— PROVIDED DATA —

▼▼▼

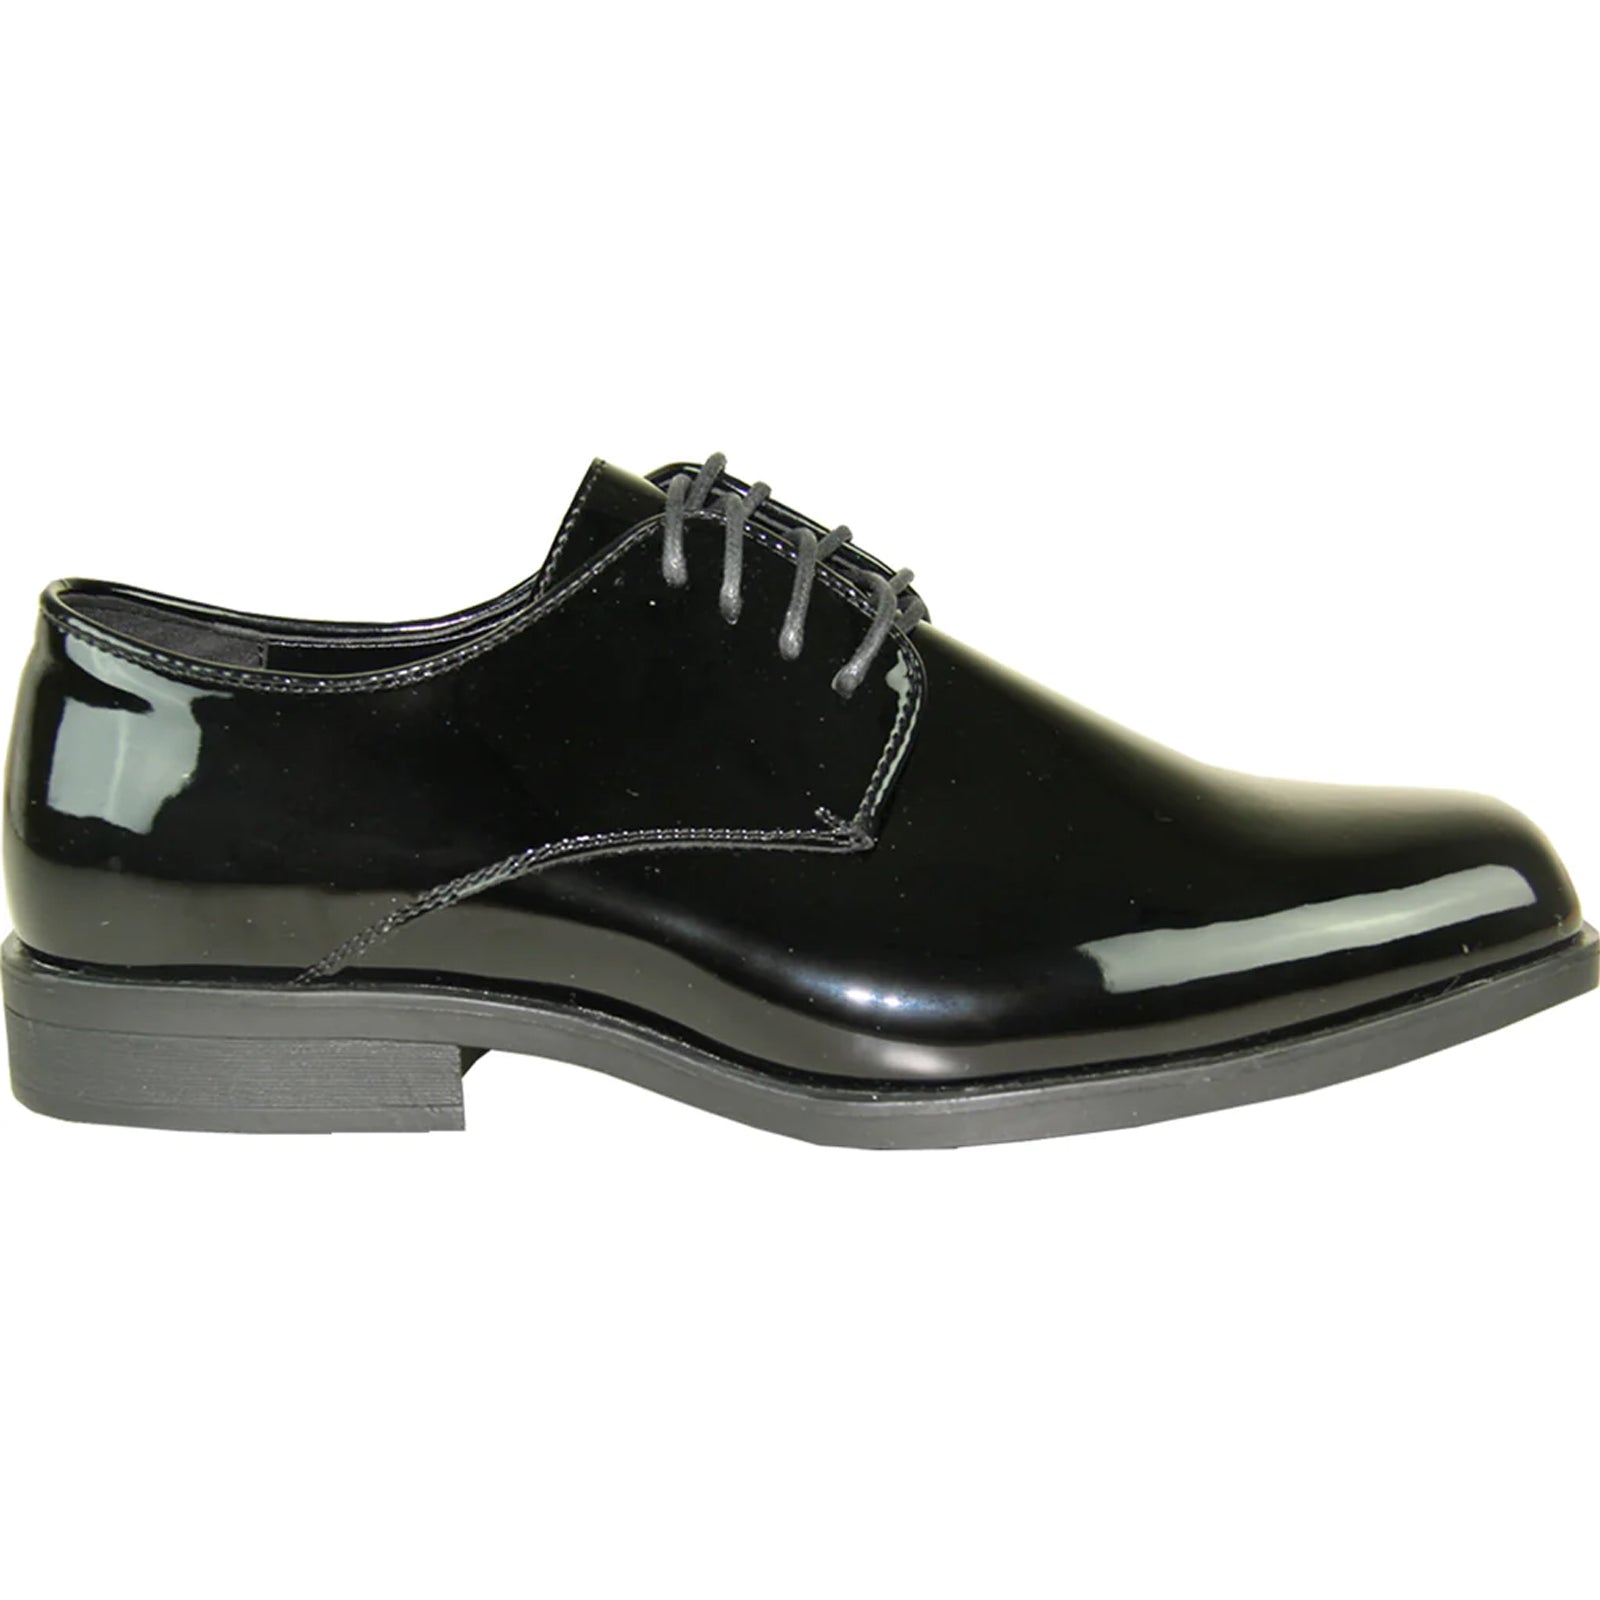 "Black Patent Tuxedo Dress Shoe - Men's Classic Plain Square Toe"
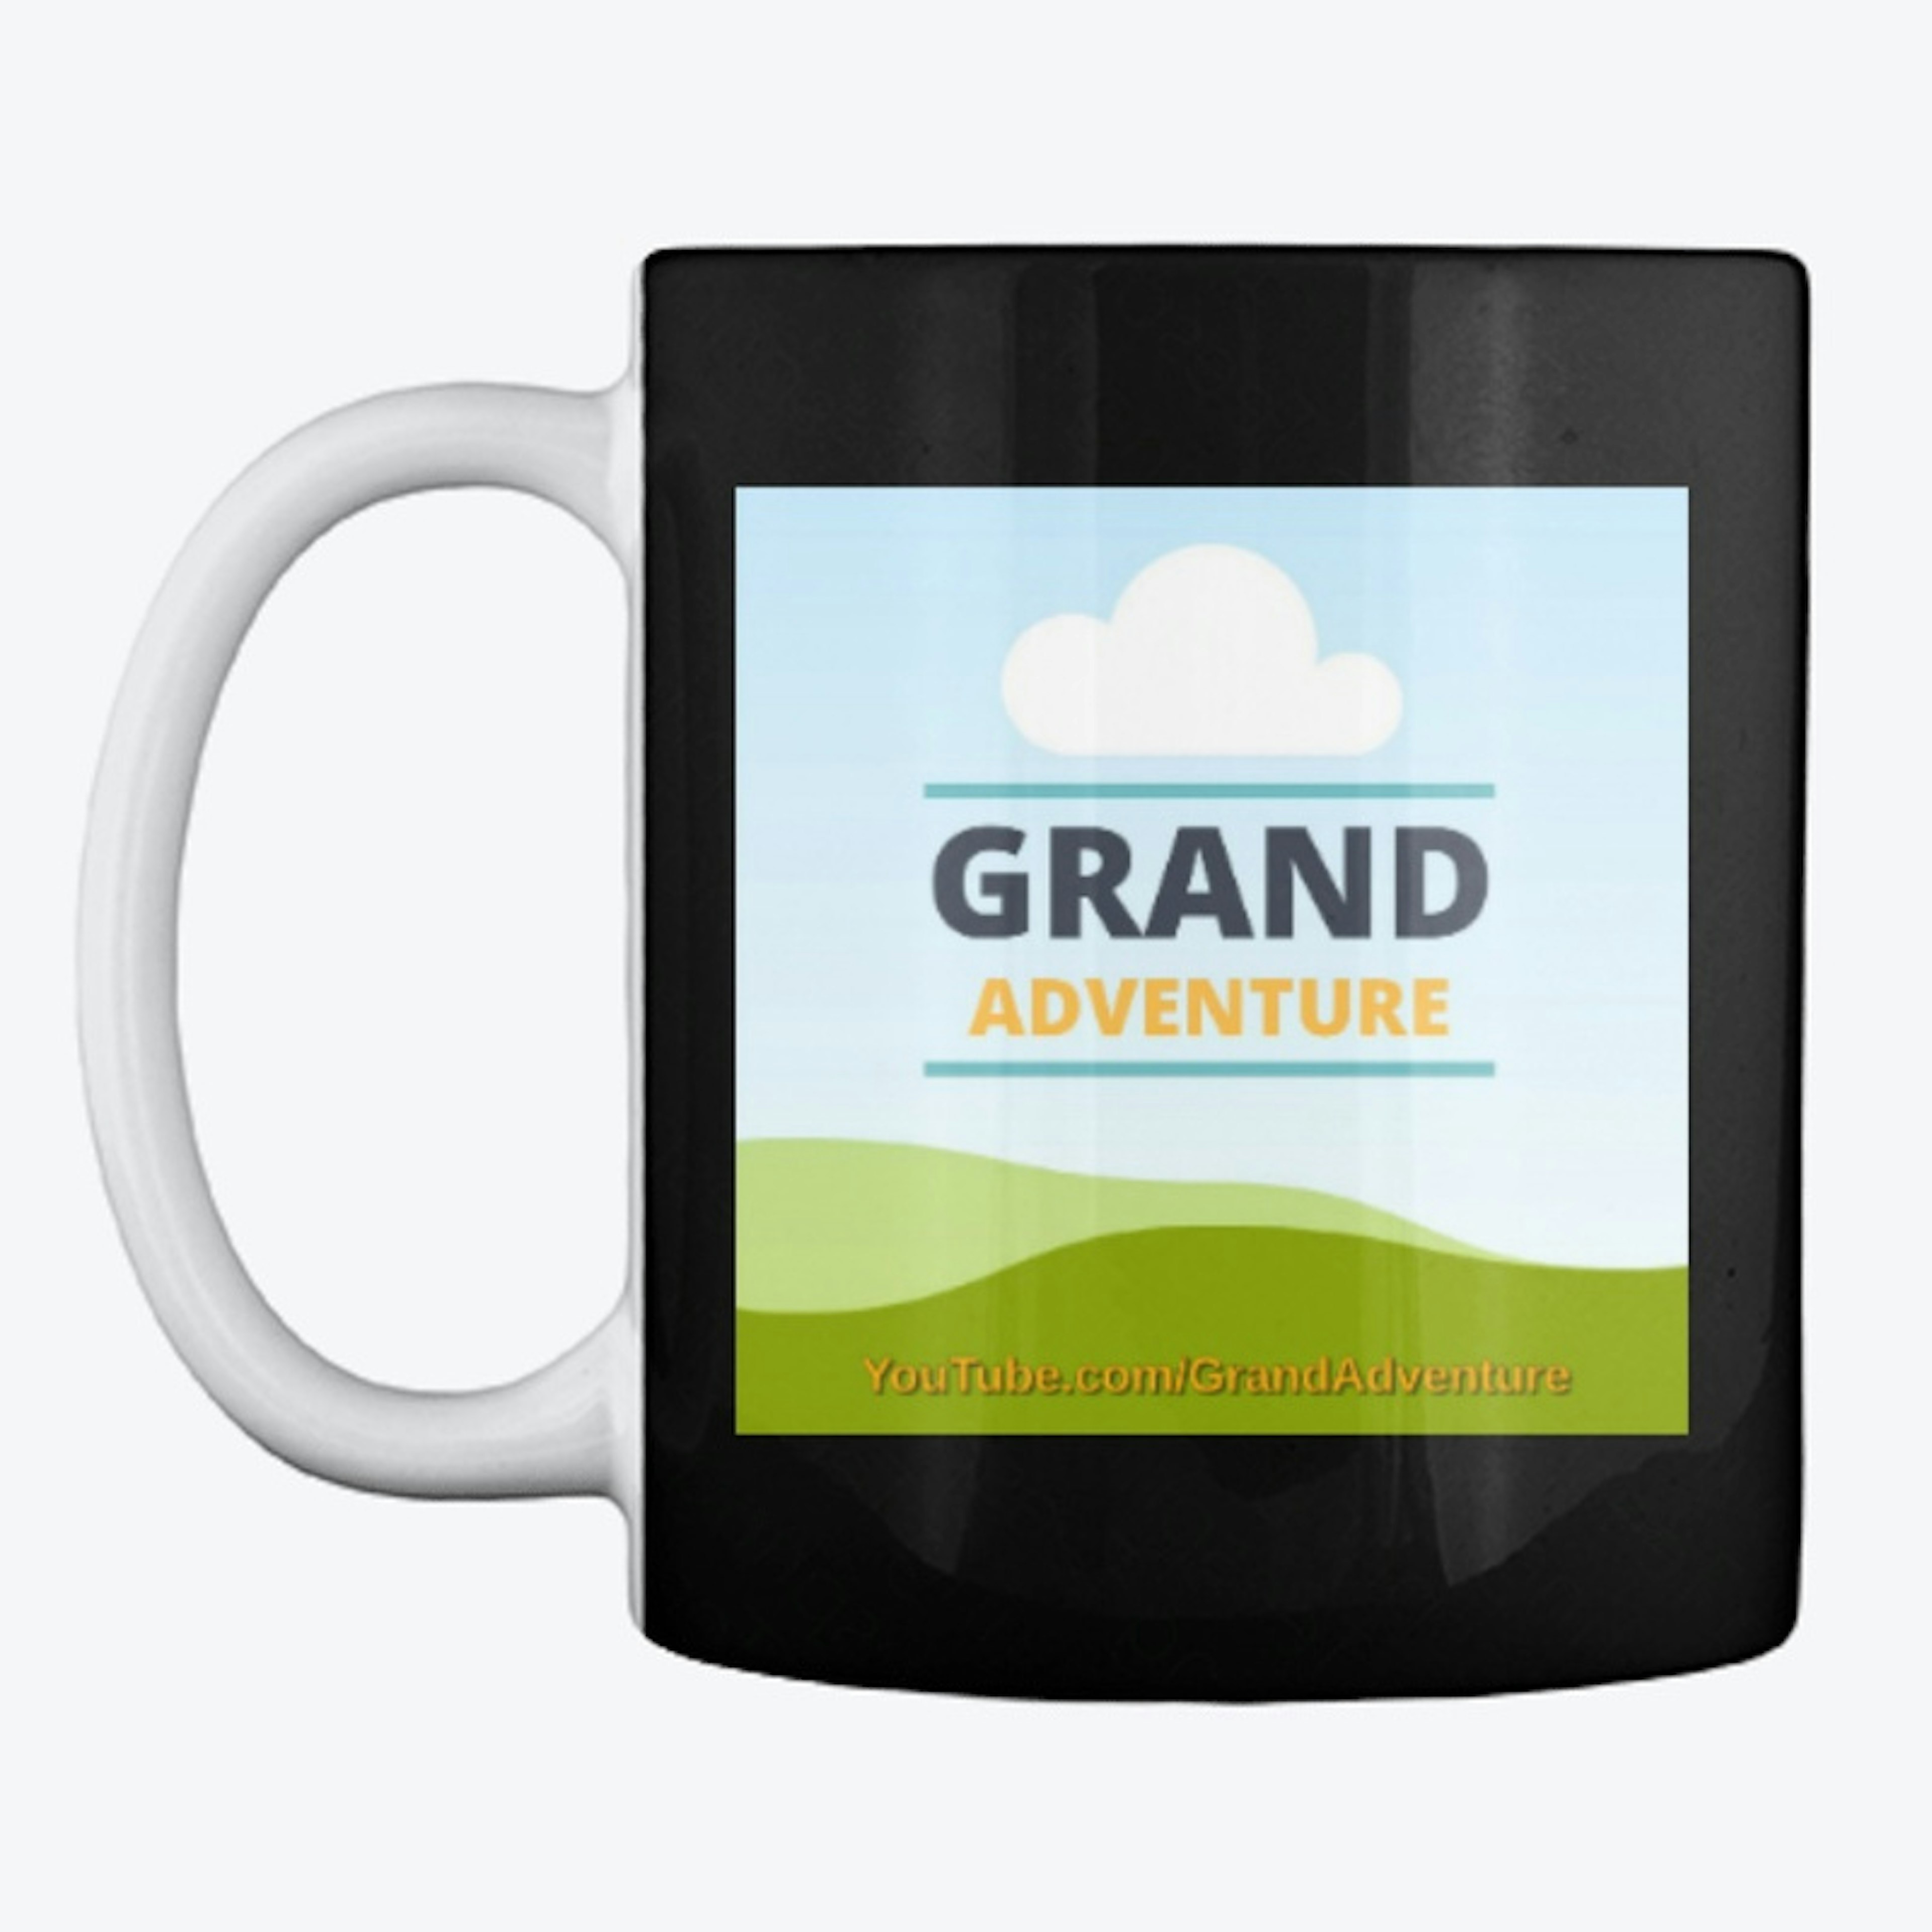 Grand Adventure logo mug
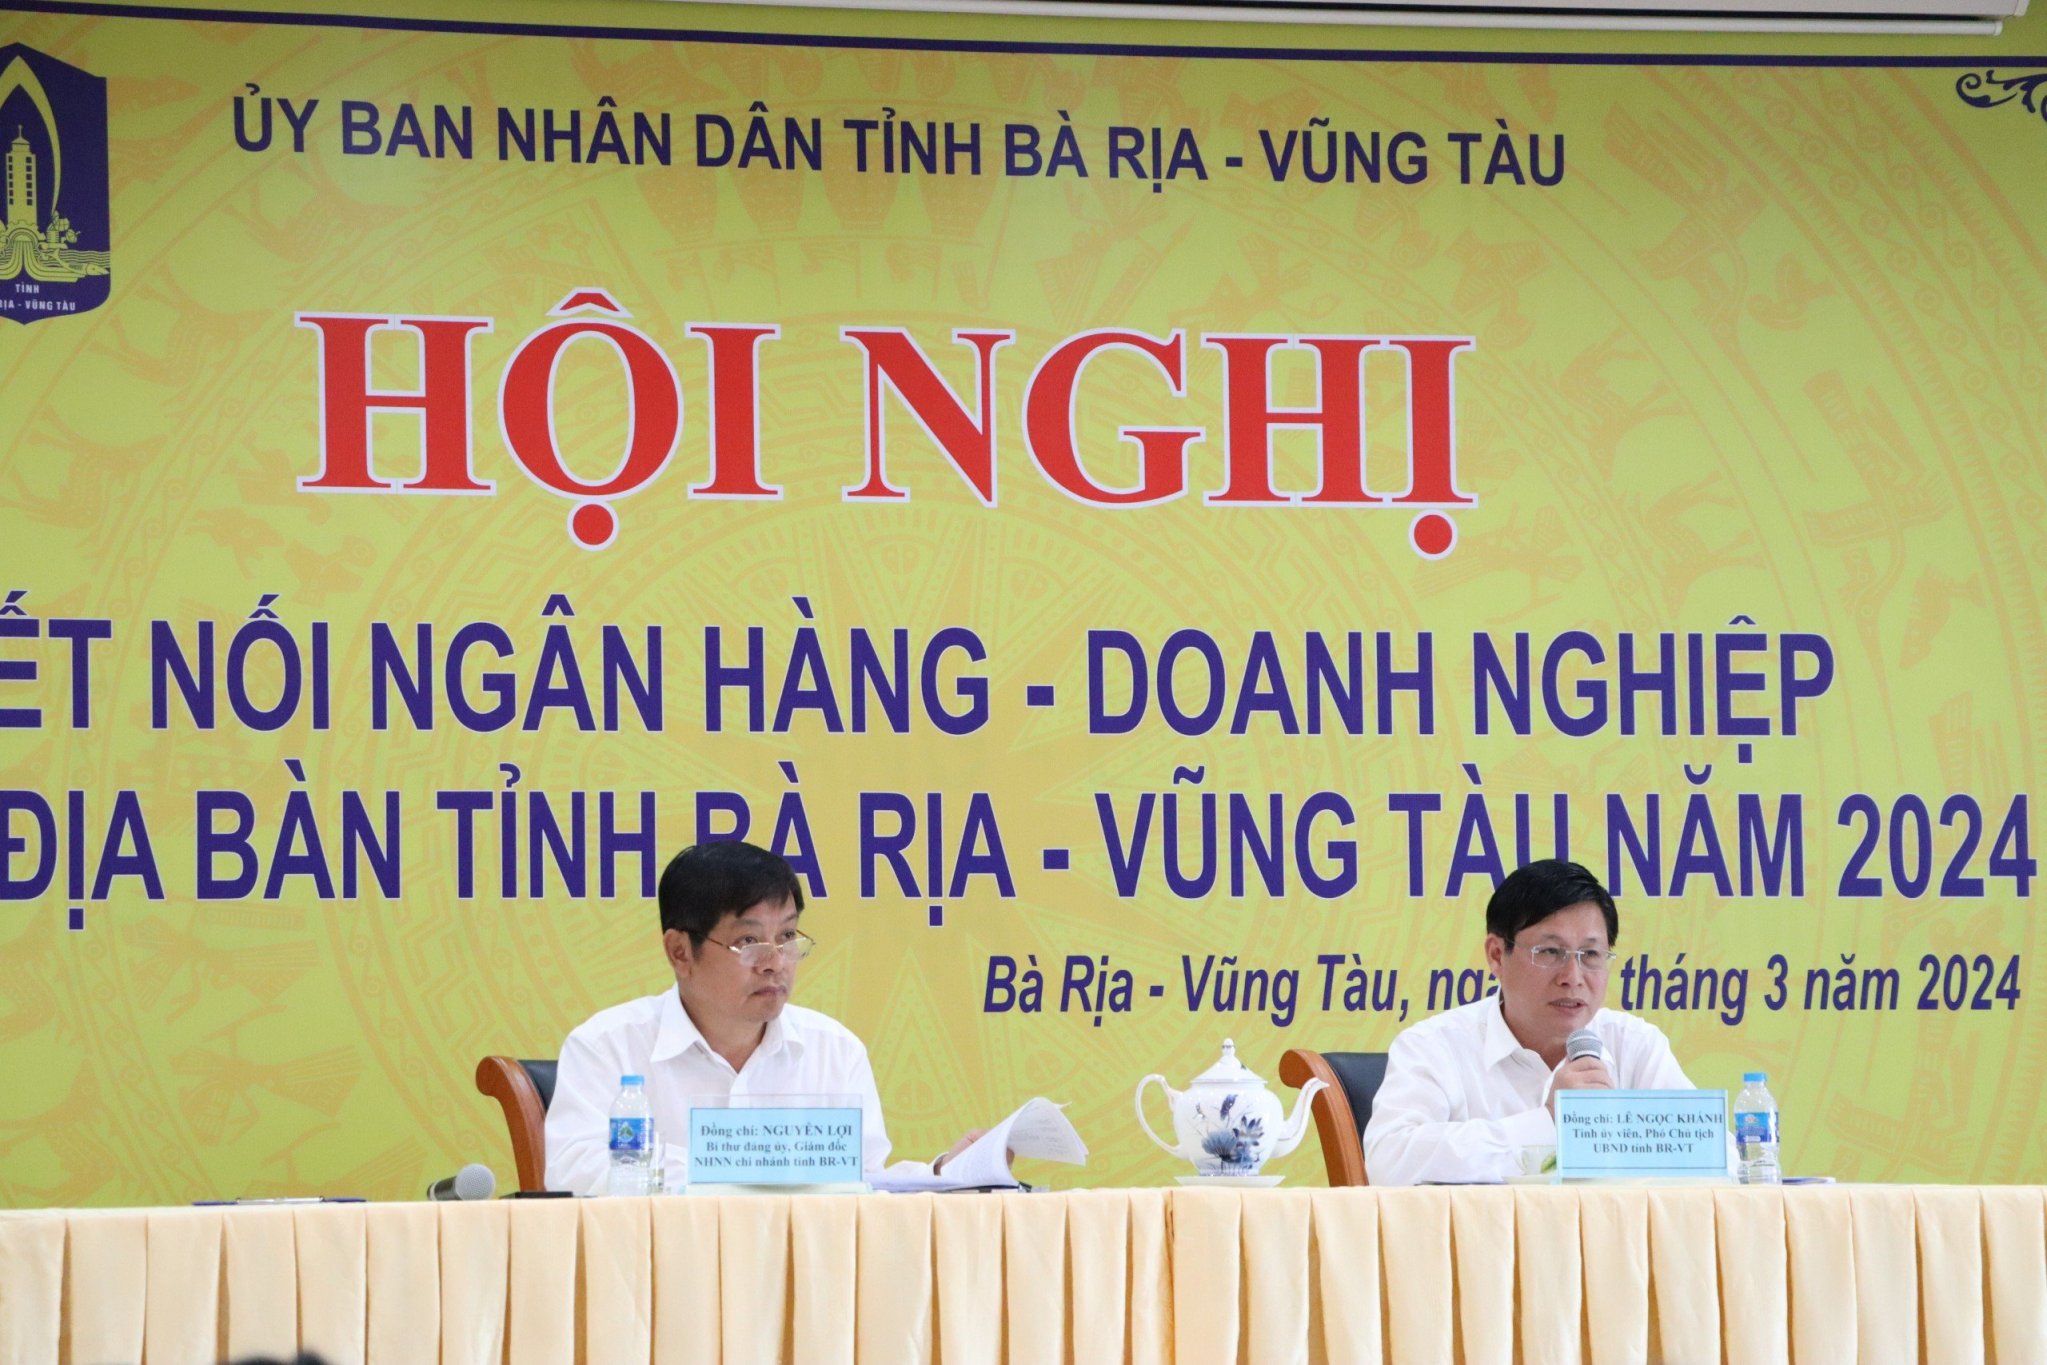 Ông Lê Ngọc Khánh, Phó Chủ tịch UBND tỉnh và ông Nguyễn Lợi, Giám đốc NHNN - Chi nhánh tỉnh đồng chủ trì hội nghị.

▲▲▲

— TASK GOAL —
Pictures stay out. Copy exactly, and only, the lines from the one containing "Grand Adventure logo mug" through the end of the data.

— ANSWER SPACE —
 Grand Adventure logo mug
 Ông Lê Ngọc Khánh, Phó Chủ tịch UBND tỉnh và ông Nguyễn Lợi, Giám đốc NHNN - Chi nhánh tỉnh đồng chủ trì hội nghị.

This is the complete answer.